_Task data:_
********
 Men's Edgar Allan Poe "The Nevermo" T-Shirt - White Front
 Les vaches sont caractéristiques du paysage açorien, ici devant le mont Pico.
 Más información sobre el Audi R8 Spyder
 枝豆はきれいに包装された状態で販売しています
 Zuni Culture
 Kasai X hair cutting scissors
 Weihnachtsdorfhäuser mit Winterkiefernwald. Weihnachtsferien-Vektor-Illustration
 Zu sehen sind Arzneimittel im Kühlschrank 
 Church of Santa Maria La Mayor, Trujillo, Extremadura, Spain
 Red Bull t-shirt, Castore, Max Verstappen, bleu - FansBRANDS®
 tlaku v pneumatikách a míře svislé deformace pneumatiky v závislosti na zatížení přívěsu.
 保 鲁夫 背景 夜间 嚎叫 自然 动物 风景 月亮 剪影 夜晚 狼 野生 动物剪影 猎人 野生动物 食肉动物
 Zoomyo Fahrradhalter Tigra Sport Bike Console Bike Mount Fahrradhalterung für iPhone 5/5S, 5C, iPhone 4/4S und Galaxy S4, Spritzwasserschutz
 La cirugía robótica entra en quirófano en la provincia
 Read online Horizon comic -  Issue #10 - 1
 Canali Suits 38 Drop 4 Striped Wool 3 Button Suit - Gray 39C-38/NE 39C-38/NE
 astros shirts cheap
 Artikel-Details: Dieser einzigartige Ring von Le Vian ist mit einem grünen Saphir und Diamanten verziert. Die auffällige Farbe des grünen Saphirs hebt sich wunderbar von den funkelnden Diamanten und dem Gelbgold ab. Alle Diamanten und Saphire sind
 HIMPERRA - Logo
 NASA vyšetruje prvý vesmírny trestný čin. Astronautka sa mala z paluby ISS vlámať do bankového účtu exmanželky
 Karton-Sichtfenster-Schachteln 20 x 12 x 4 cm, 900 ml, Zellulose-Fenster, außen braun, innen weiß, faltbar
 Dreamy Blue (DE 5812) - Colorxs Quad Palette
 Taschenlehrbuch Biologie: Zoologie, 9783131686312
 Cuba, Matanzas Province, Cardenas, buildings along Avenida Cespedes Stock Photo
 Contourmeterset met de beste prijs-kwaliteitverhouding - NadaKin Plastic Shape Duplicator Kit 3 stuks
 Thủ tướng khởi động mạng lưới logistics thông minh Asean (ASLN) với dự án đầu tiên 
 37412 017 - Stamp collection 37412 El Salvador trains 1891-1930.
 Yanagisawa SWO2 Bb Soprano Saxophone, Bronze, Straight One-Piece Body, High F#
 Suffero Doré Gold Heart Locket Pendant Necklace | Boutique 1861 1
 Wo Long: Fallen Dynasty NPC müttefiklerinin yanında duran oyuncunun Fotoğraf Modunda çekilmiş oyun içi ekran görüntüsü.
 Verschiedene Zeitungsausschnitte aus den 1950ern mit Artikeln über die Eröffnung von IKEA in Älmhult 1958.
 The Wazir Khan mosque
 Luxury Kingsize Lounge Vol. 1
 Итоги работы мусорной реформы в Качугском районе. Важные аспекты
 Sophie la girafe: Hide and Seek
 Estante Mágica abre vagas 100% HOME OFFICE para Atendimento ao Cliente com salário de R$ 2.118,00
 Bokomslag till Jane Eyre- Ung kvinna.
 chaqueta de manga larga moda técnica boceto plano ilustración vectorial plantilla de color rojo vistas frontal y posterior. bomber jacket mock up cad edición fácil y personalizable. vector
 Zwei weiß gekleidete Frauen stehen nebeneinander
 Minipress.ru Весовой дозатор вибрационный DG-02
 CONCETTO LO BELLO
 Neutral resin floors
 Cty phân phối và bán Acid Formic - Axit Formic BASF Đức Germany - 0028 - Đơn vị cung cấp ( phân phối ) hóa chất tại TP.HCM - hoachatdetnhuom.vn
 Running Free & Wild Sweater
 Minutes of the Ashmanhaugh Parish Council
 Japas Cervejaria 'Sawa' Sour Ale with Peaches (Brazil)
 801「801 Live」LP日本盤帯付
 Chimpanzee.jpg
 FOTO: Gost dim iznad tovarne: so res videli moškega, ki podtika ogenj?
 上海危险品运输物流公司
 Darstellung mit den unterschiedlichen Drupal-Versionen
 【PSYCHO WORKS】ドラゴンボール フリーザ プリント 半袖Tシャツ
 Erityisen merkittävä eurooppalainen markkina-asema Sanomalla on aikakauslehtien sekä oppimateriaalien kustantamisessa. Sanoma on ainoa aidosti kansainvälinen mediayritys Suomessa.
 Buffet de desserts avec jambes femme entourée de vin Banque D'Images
********
_Required action:_ Every line containing the word "weiß" must be copied from the material above.

_Answer area:_
 Karton-Sichtfenster-Schachteln 20 x 12 x 4 cm, 900 ml, Zellulose-Fenster, außen braun, innen weiß, faltbar
 Zwei weiß gekleidete Frauen stehen nebeneinander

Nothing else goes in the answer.